She was suddenly full of fear there in the darkness and the aloneness, and ran over to the cot for the miracle of that soft body to her flesh. She lifted it from the nest of coarse pillow, even in sleep the tendril of a little finger closing about hers.
There were crisscross shadows on the floor, cast there by the iron bars at the windows. Her child lay asleep in an institutional garb of charity. The father of that child, ignorant of its very existence, was at that moment, and at a distance of one thousand miles, adjusting a new rubber stopper to the bathtub in the home he shared with his parents-in-law.
On one of the empty cots the rather silly silhouette of Lilly's hat, its buckram rim sadly broken, persisted through the gloom. Her shoes, in a little attitude of waiting beside a chair, lopped slightly of a tipsiness induced by run-over heels.

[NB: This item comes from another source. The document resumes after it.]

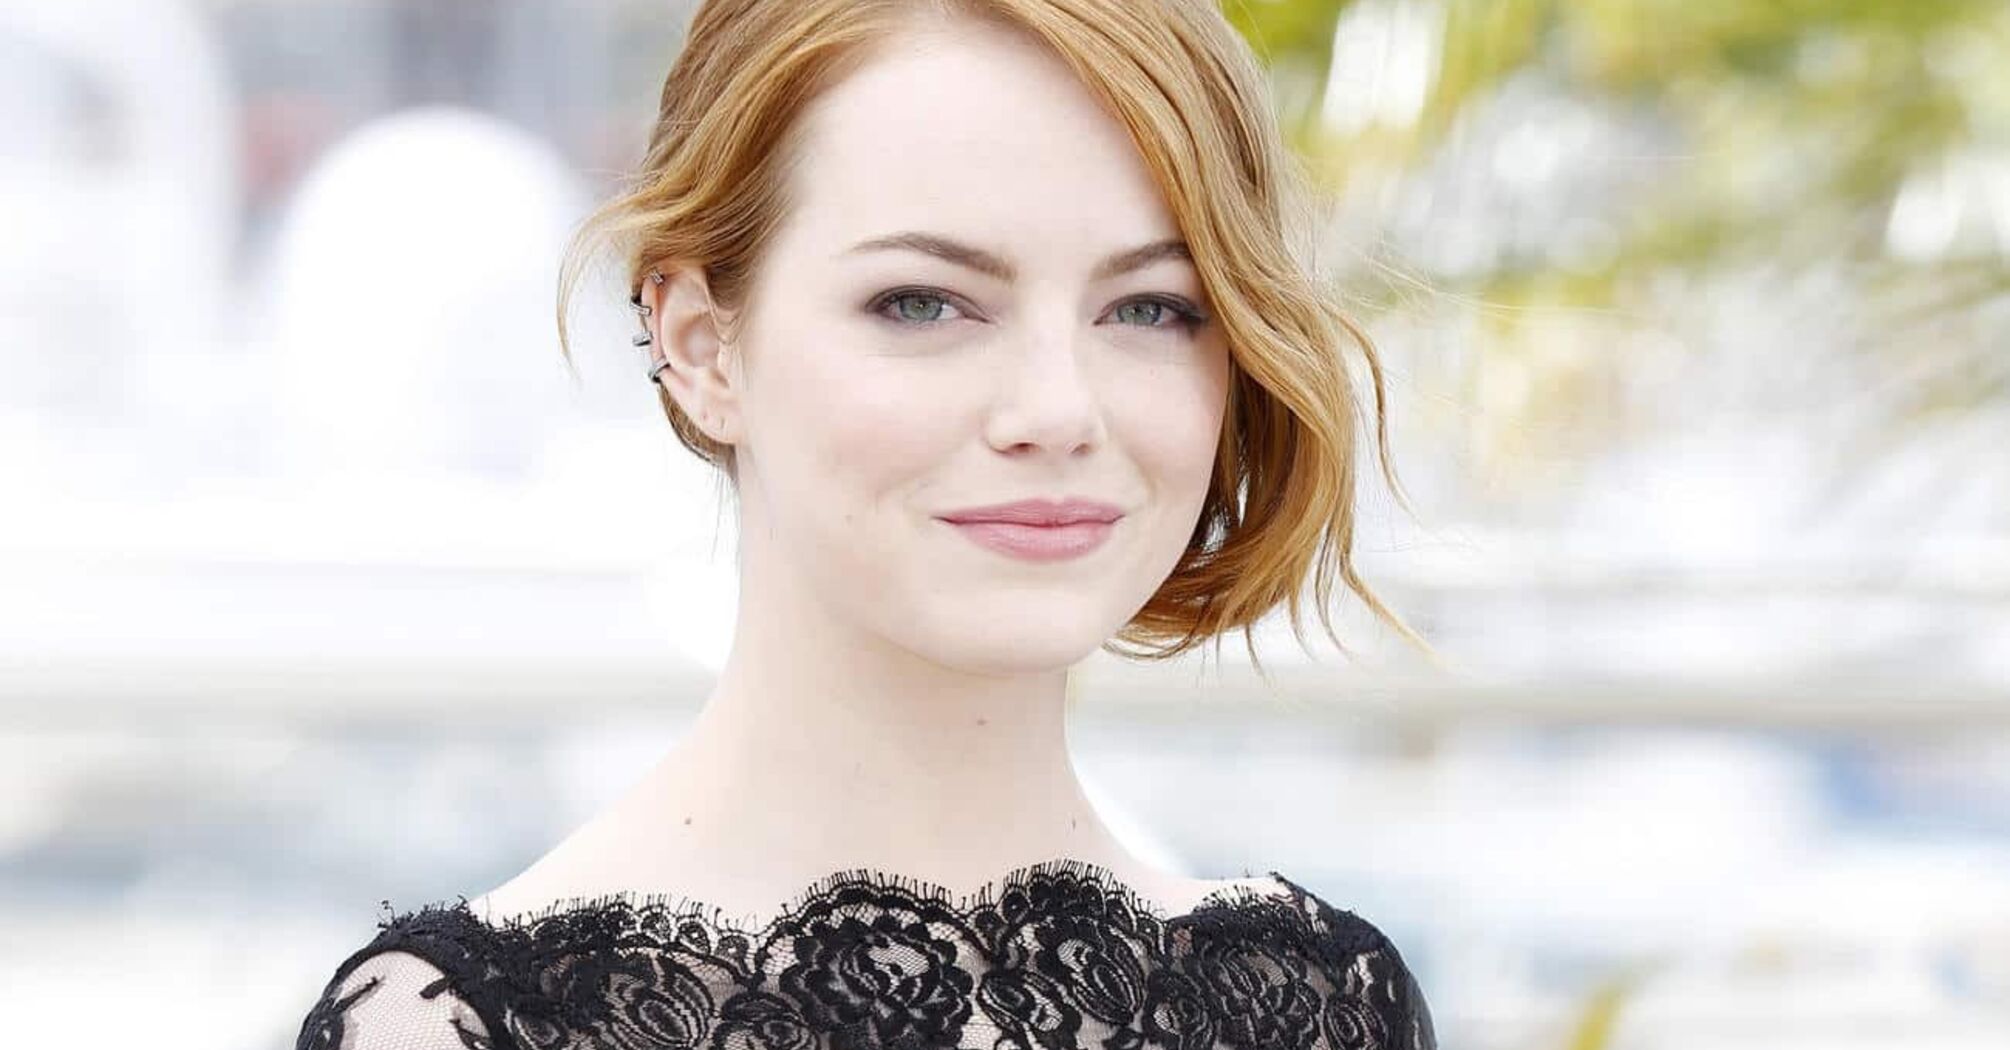 10 Fascinating Facts about Emma Stone
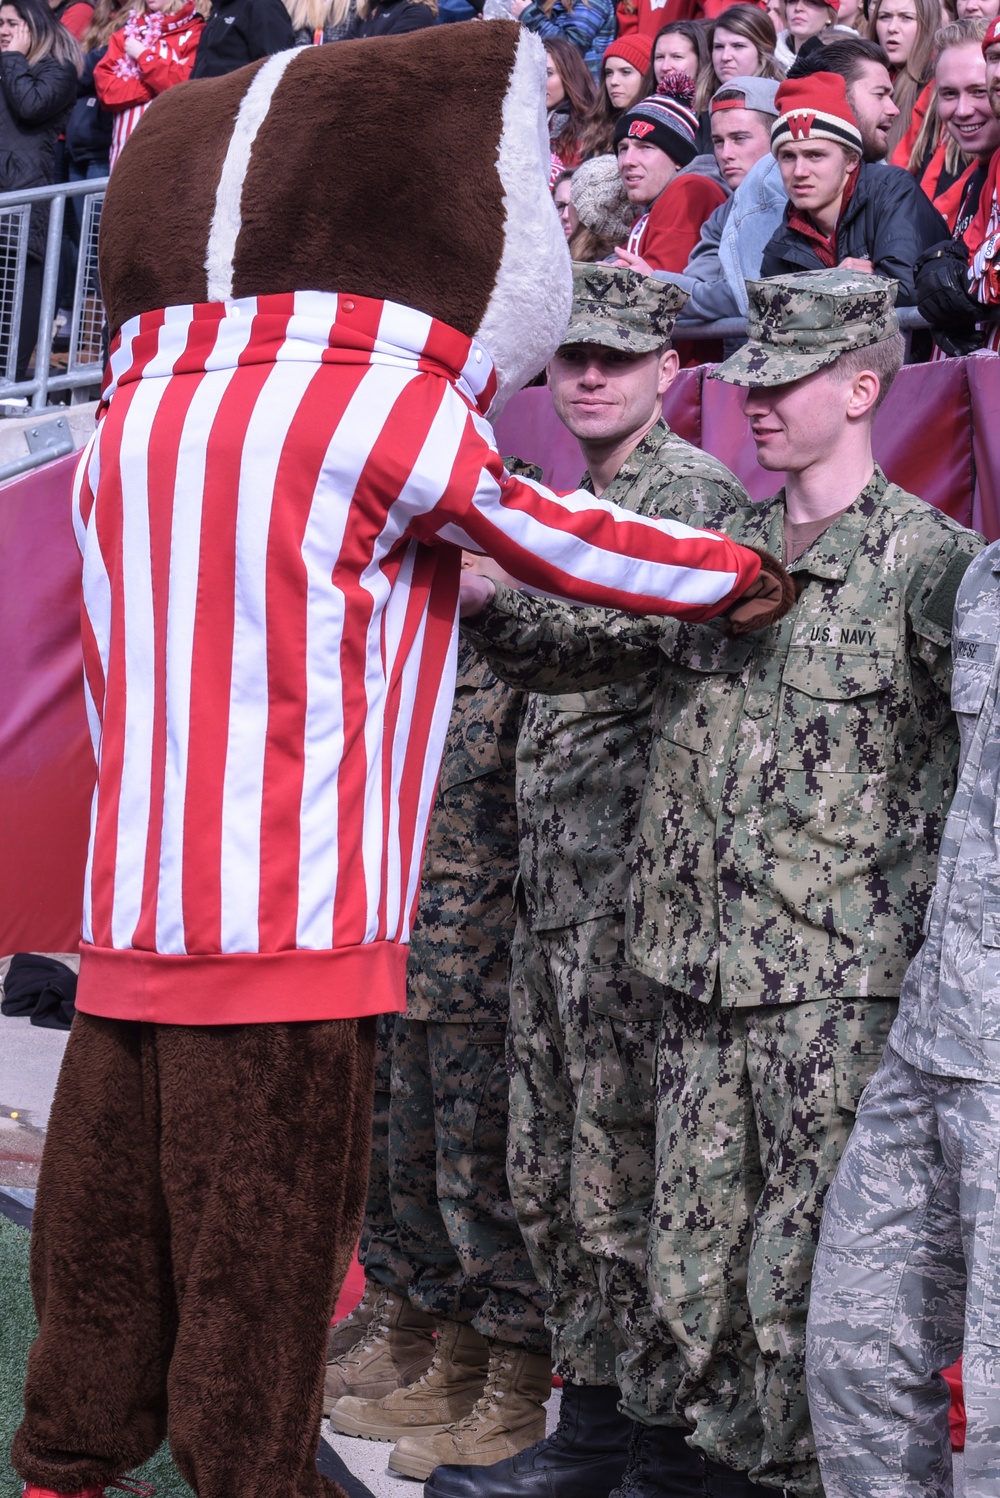 University of Wisconsin-Madison shows military appreciation

In the jumble of changing hands the black valise of her underwear, handkerchiefs, and baby garments had disappeared, so her little washed-out chemise, quite dainty, hung drying over a table edge.
Outside the Home for Indigent Girls a city that took absolutely no reckoning of Lilly wove its pattern toward another to-morrow.
She was alone with the first realization of her child, in a moment that might have shaped itself to crush her. She felt a throbbing that seemed to make a rush for her throat. She sat down on the bed, leaning over until her body formed a sort of cave about the child. She had a sense of the power to strangle both their lives out there in that strange darkness. An old fear leaned out at her.
"Am I mad?"
More and more the sense of wanting to strangle flowed over her.
"Here—to-night—now!"
A cry leaped up under her pressure, startled, and with a stab of pain in it.
She swooped the little squirming burden up under her chin; she buried her head into the warm froth of curls, the light wind of her laughter suddenly sweeping the room.